U.S. military veteran and CELS alum takes academic career to the frontline
Master Sergeant Richard L. Moore came to the University of Rhode Island on a mission: to take his career to the next level of excellence. Despite his deployment to the Middle East and countless hours spent working towards his graduate degree from a tent thousands of miles from home, Moore stayed the course.
He was enrolled in a master’s in Environmental Science Management (MESM) program in the College of the Environment and Life Sciences (CELS) when duty called. A member of the U.S. Air Force for the past 17 years, Moore was forced to take a leave of absence from URI when his squadron was deployed to Kuwait.

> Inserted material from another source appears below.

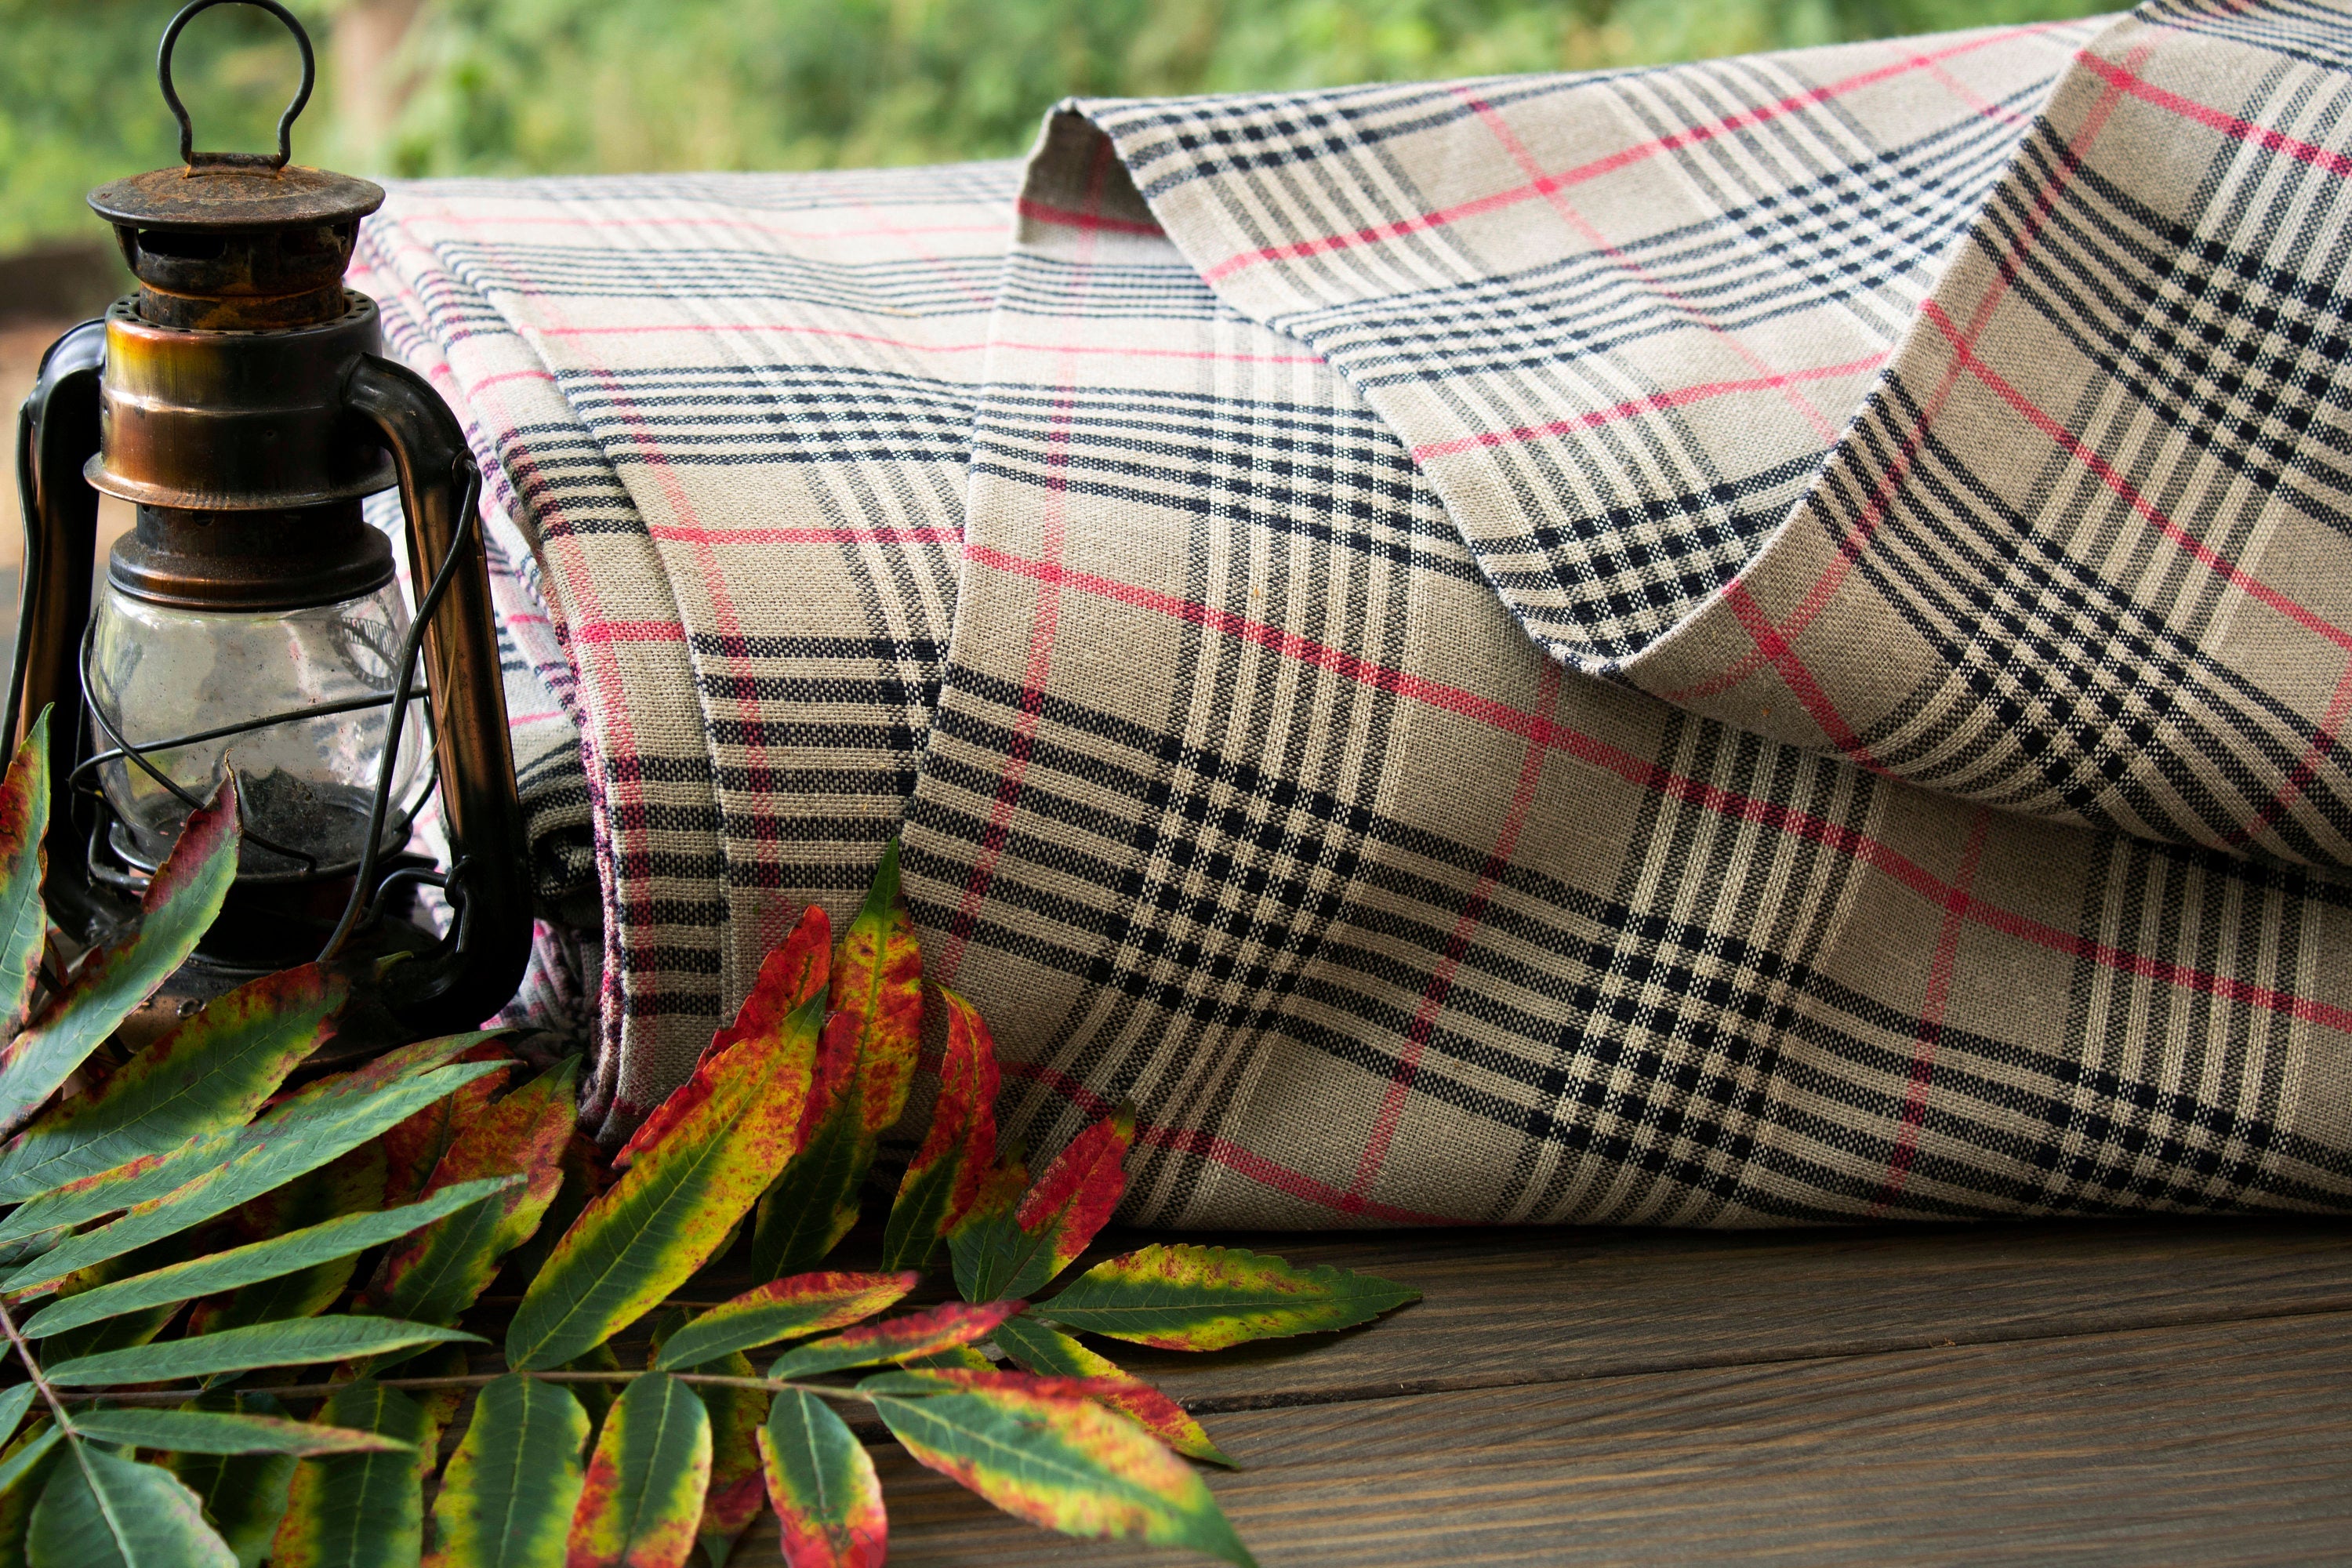 100% Linen Fabric by the Yard / Checked Linen Fabric / Buy Linen Online

When he wasn’t managing essential power generation equipment for frontline communication sites, Moore was researching and writing his major graduate paper in a bare-bones, “no-frills” tent in a remote desert. “I used my time in isolation as a chance to do something productive that would keep me on track to finish my degree,” explains Moore. “Most of my friends in my squadron know me as being a nerd, so they expected nothing less from me.”
Unlike many graduate students, Moore came to CELS with nearly a decade of professional experience as an environmental scientist. After receiving his bachelor’s in environmental science from St. Joseph’s College in 2002, he worked for both local and regional consulting firms performing assessments and remediation of petroleum and hazardous waste sites across New England.
“I was eight or nine years into my career, and I felt like I was hitting a wall; I wanted to grow,” Moore says of his desire to pursue graduate studies and advance his career.
He was first attracted to the flexibility of the graduate degree program at CELS, which allowed Moore to take classes around his full-time work schedule as an environmental, health and safety specialist at Johnson & Wales University (JWU) in Providence.
The MESM program enabled Moore to create his own environmental special project for credit through which he worked as a consultant for the U.S. Coast Guard Civilian Environmental Office in Cape Cod. As part of his graduate degree work, Moore used his previous experience in the Air Force to develop a chemical “pharmacy” program to control and inventory the quality and safety of all chemicals used on the military base.
Moore currently oversees all aspects of JWU’s environmental protection, occupational health, safety, indoor air and ergonomics programs for campuses in five states. “I’ve done a lot of work to bring our department into the future,” Moore says speaking of his work to redevelop the hazardous materials waste disposal and air reporting programs at the University.
“I’m interested in really helping people understand why it’s important to protect the environment and why it’s important to protect your health and safety.”
Walking across the stage in May 2017 to receive his master’s degree was among Moore’s most rewarding moments. He is grateful for all of the support he received from CELS faculty and staff who kept pushing him forward and helped him achieve his goal, all while continuing to serve his country.